__PROBLEM STATEMENT__: A verbatim repeat of the lines below is required, with the pictures removed.

__PROVIDED DATA__:
====================

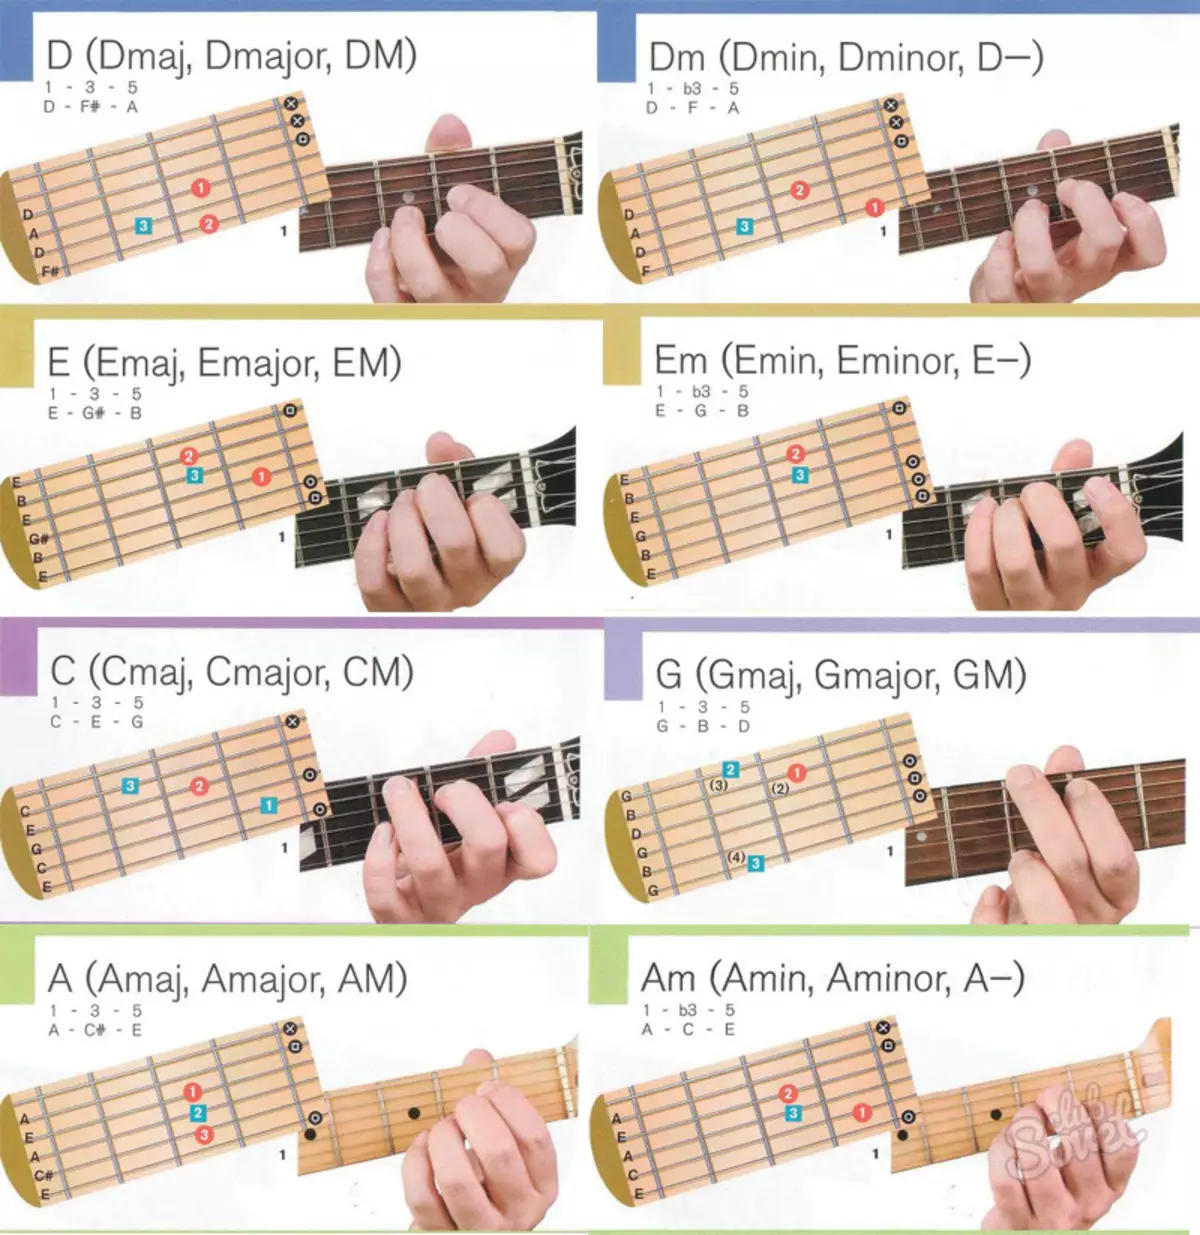 Аппликатура аккордов для гитары 6 струн для начинающих
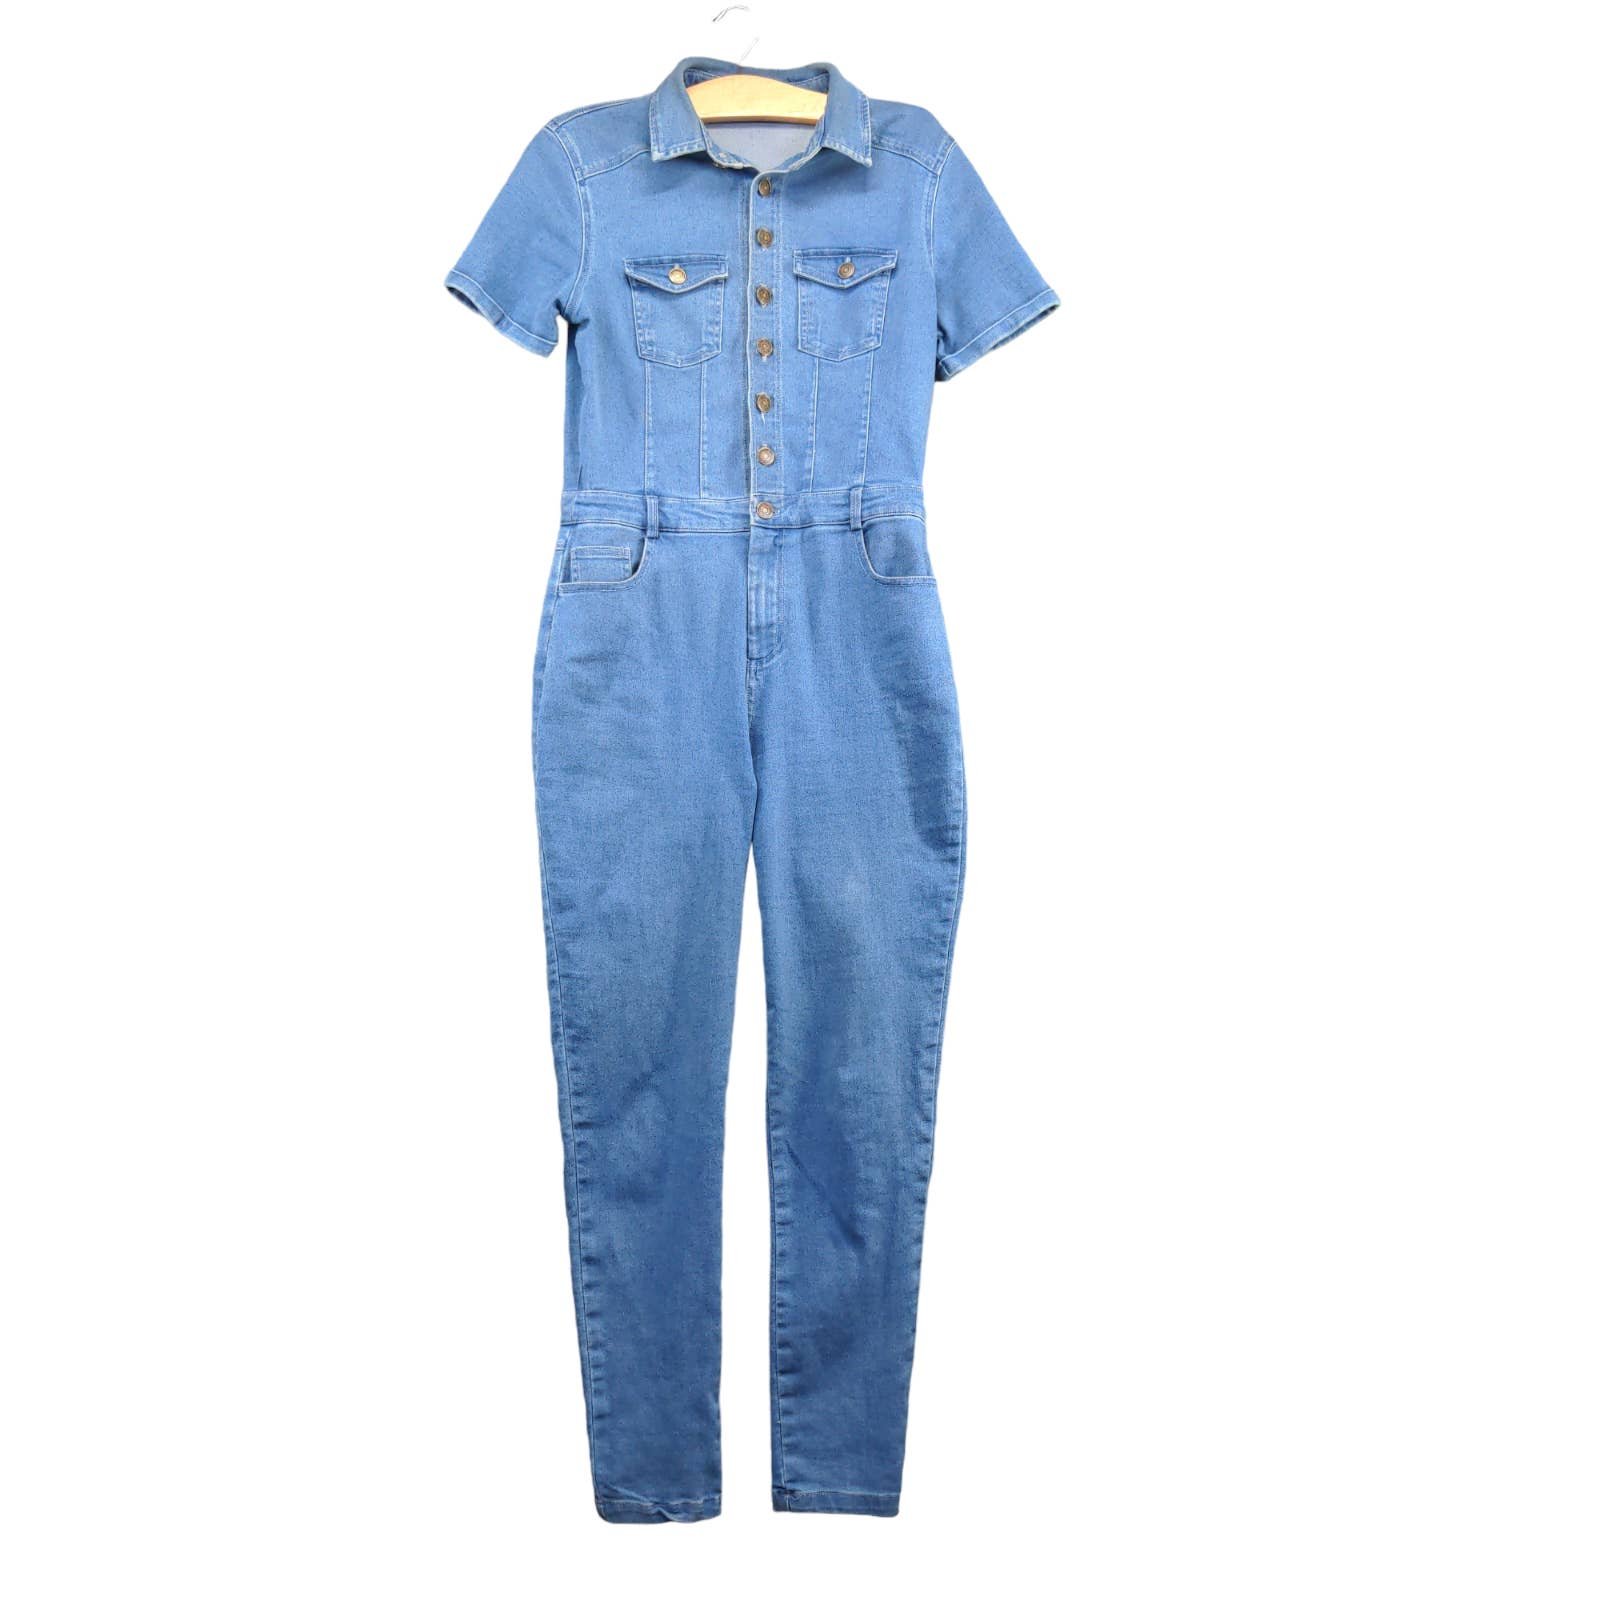 Buy Haute Monde Women´s Button Up Denim Jumpsuit Blue Small Short Sleeve HqonKcJ6b Store Online
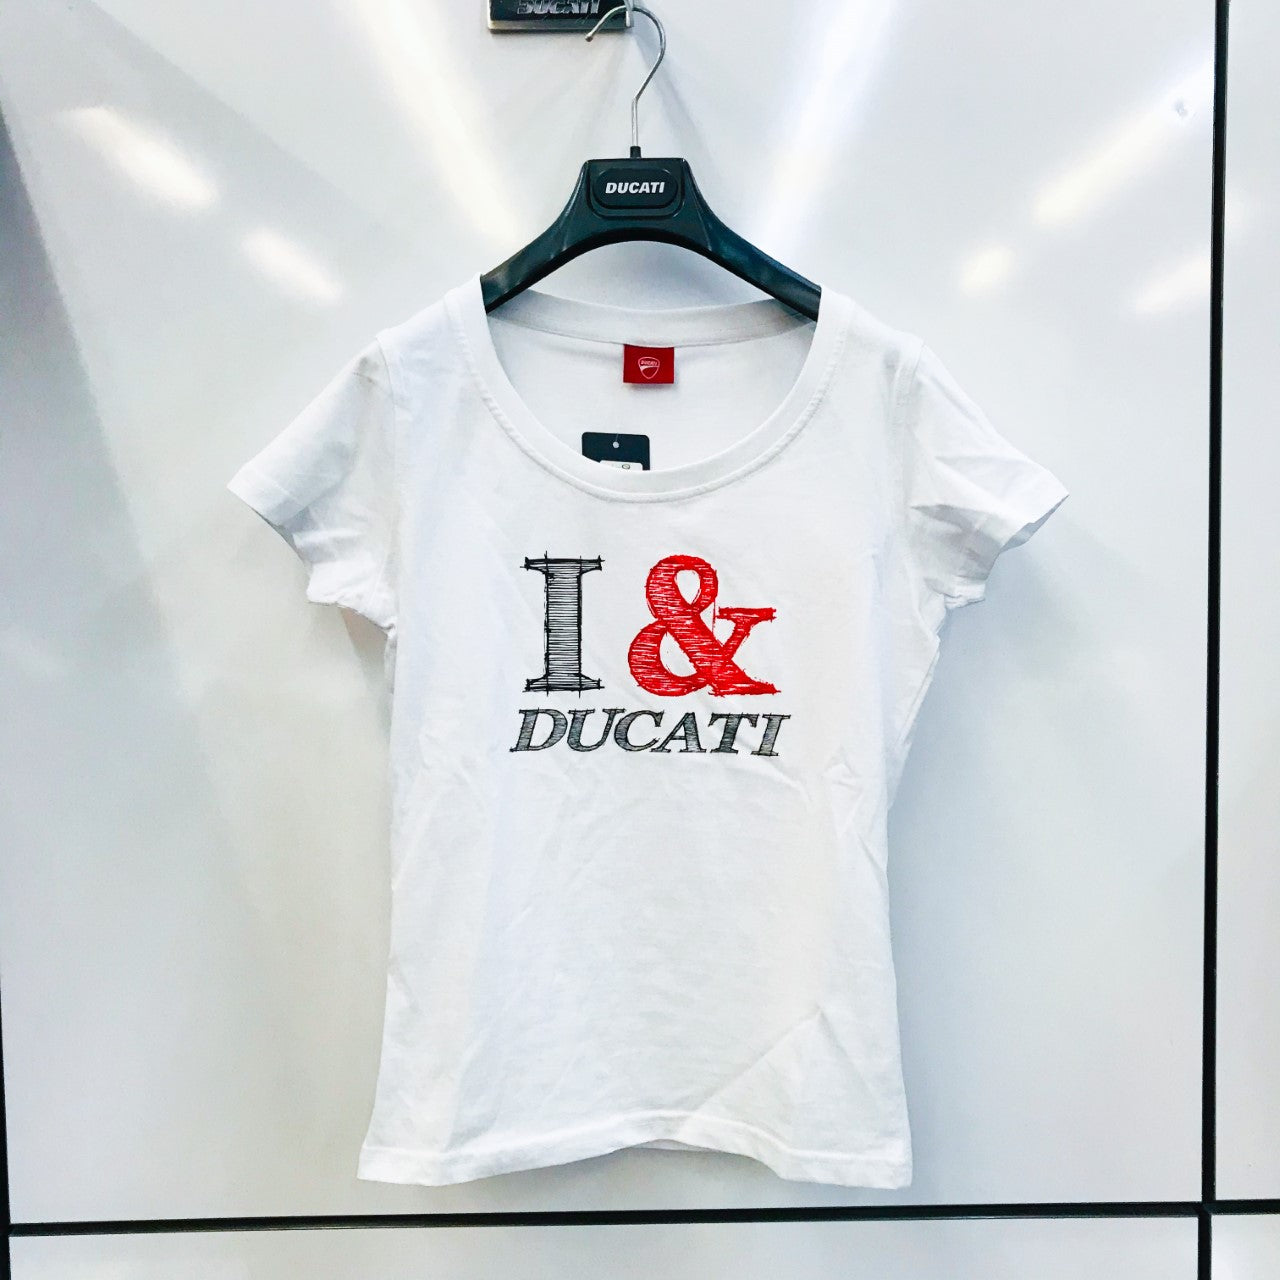 Ducati "I & Ducati" T-Shirt

====================

__TASK RESPONSE__:
 Аппликатура аккордов для гитары 6 струн для начинающих
 Buy Haute Monde Women´s Button Up Denim Jumpsuit Blue Small Short Sleeve HqonKcJ6b Store Online
 Ducati "I & Ducati" T-Shirt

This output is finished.